2. Literature Review and Hypothesis Development
2.1. Family Firms
In nine Asian countries, the ownership structure of public firms is concentrated, with 54 percent of them held by families or family groupings (Claessens et al., 2000). According to Pukthuanthong et al. (2013), a company is a family firm if the largest shares are held by the family of the company’s founder, either individually or collectively, being more than 20%, or can be owned by the family CEO and/ or chairman. The board comprises members of the founding family. In a family firm, the family can act as a controlling shareholder. This shows that the shares invested by the family are quite large so that they can influence the policies taken by the firm, such as dividend policy. With the large number of shares owned by the firm, the family can decide policies that only benefit the family and harm the minority shareholders. The findings of Moh’d et al. (1995) showed that when insiders owned a higher percentage, this resulted in low dividend payments.
The difference in interests between the family as the majority shareholder and the minority shareholder is known as the agency problem type II. There are two types of agency conflict related to the ownership structure. The first agency conflict describes the agency conflict between owner and management, referred to as agency problem I (Jensen & Meckling, 1976). The second agency conflict arises when majority shareholders work in their own best interests and take over minority shareholders to maximize their utility (Pukthuanthong et al., 2013). This conflict is often referred to as agency problem II (Jensen & Meckling, 1976). In general, family businesses are less prone to agency problem I since family members are involved in the firm’s management and have access to information, resulting in their interests being aligned with those of the firm’s managers (Dwaikat et al., 2021). Family businesses are especially vulnerable to the agency problems II between majority and minority shareholders, in which dominant shareholders from families might use their power to benefit themselves at the expense of minority shareholders (Claessens et al., 2000; Morck et al., 2005; Miller et al., 2014; Briano-Turrent et al., 2020).
2.2. Family Ownership
Ding and Pukthuanthong (2013) classified a firm as a family firm if 20 percent or more of the total shares are owned by family members individually or in groups. Family shareholders as founders generally hold the majority shares of the company and have control rights to control company policies. Majority shareholders with their substantial control often act in the interests of the majority shareholders rather than the shareholders as a whole, thus harming the interests of minority shareholders especially in the long term (Young et al., 2008). Faccio et al. (2001) showed that without proper supervision and control, the family can carry out expropriation actions where shareholders (especially members of the founding family) tend to take over the wealth of minority shareholders. Dividend policy can be a form of abuse of the majority shareholder’s power over the company’s income (Pindabo et al., 2012). A high dividend payout ratio could be viewed as a type of tunneling for the majority shareholder, as it avoids an agency conflict between the majority and minority shareholders.

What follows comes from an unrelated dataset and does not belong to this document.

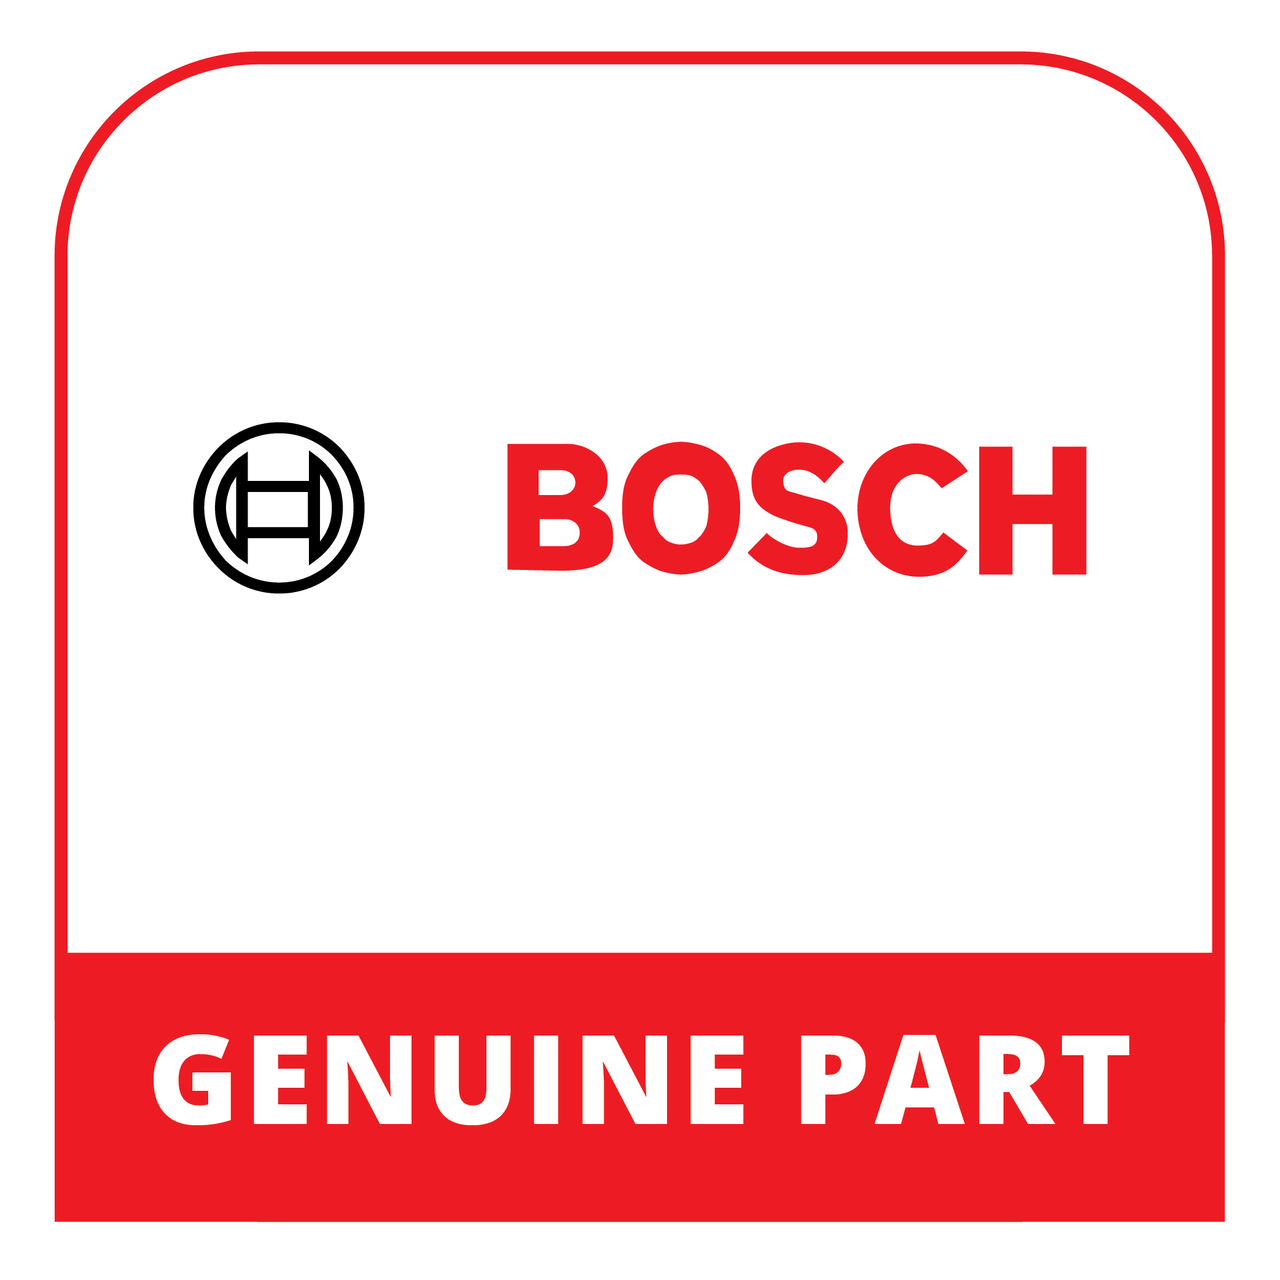 Bosch (Thermador) 18082079 - Instruction Manual - Genuine Bosch (Thermador) Part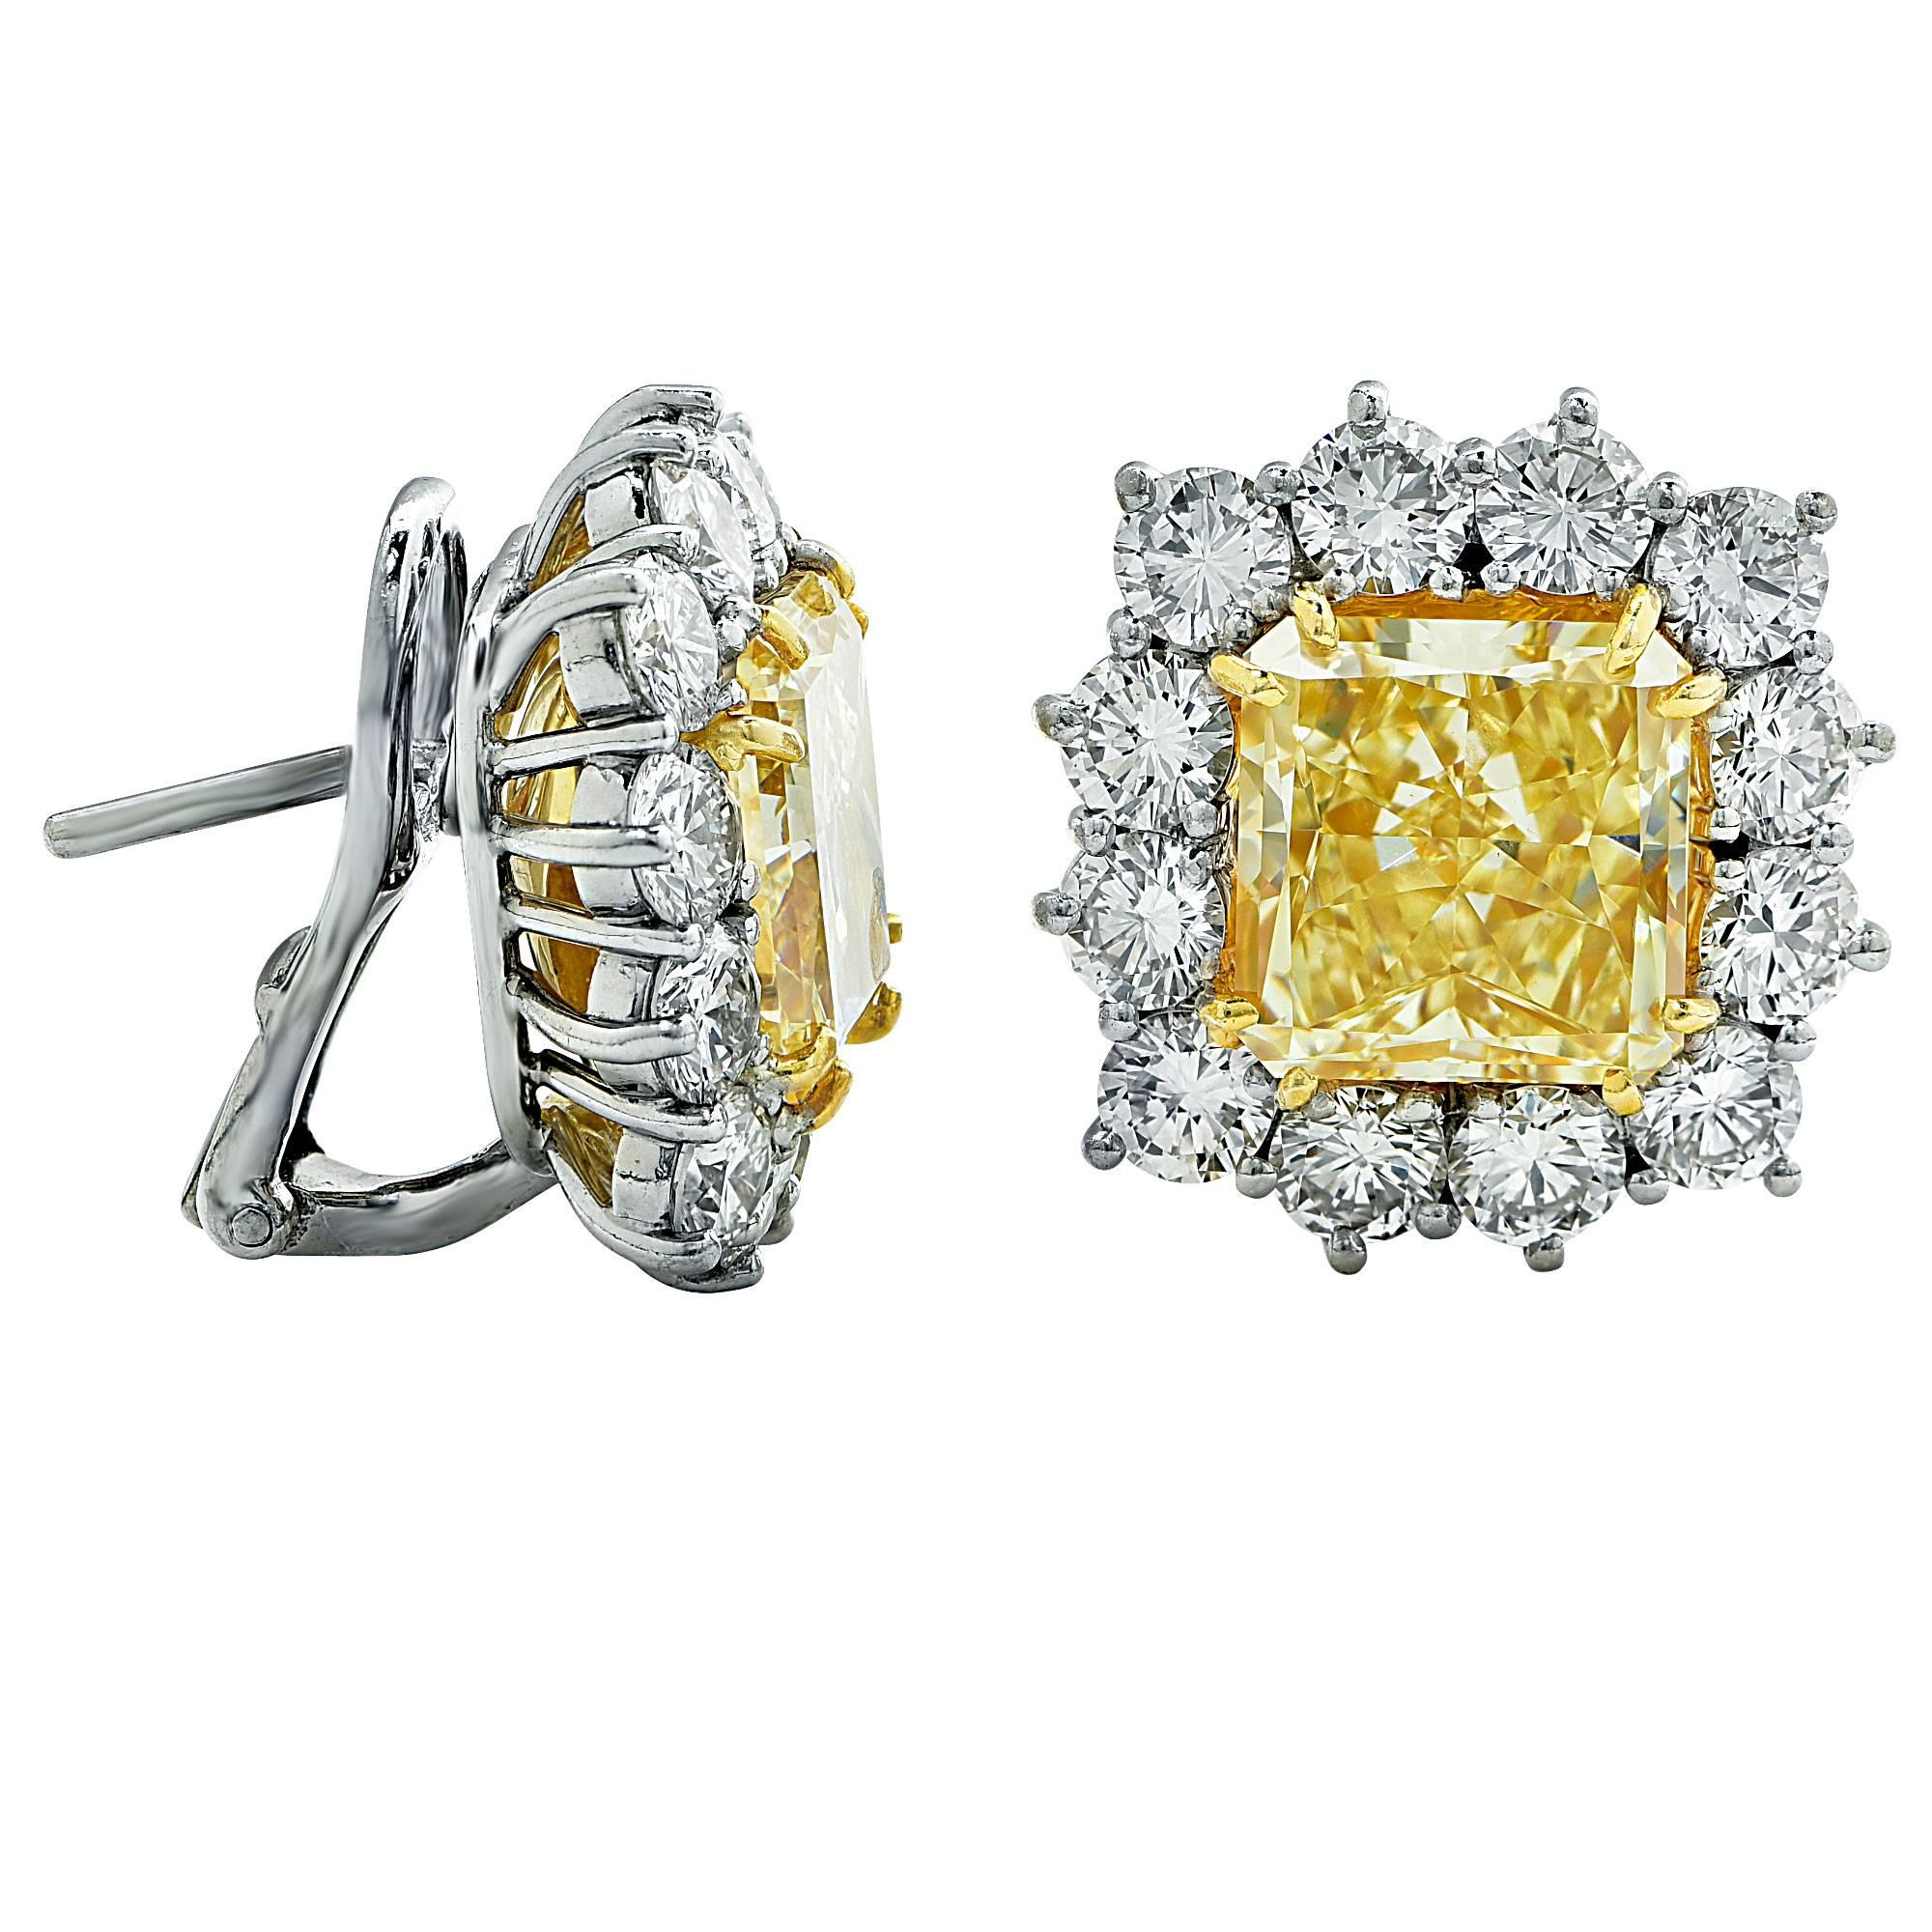 Magnificent pair of GIA graded 5.36ct and 5.01ct fancy light yellow radiant cut diamonds VS1 clarity set in to custom made platinum and 18k yellow gold earrings. These dazzling yellow diamonds are surrounded by 24 round brilliant cut diamonds

Through high dividends, the company’s cash flow transfers to family shareholders who are the majority and are considered positively by minority shareholders. High dividends benefit shareholders in the near term, but they will burden the company in the long run because the company’s investment capital will be financed by debt. Minority shareholders who lack appropriate knowledge and information about the company’s strategic policies are often unaware of this situation. According to the family income hypothesis, the amount of wealth invested by the family in the firm causes the family to desire a sufficiently large return on dividend-paying shares to meet their needs (Isakov & Weisskopf, 2015). A dividend payment policy can be used as a mechanism to achieve this goal. This is consistent with Benjamin et al. (2016), who found that family ownership had a significant impact on dividend policy. Furthermore, by paying higher dividends, the company can gain a good reputation among minority shareholders. As a result, there will be unity because minority stockholders will not feel disadvantaged by the majority.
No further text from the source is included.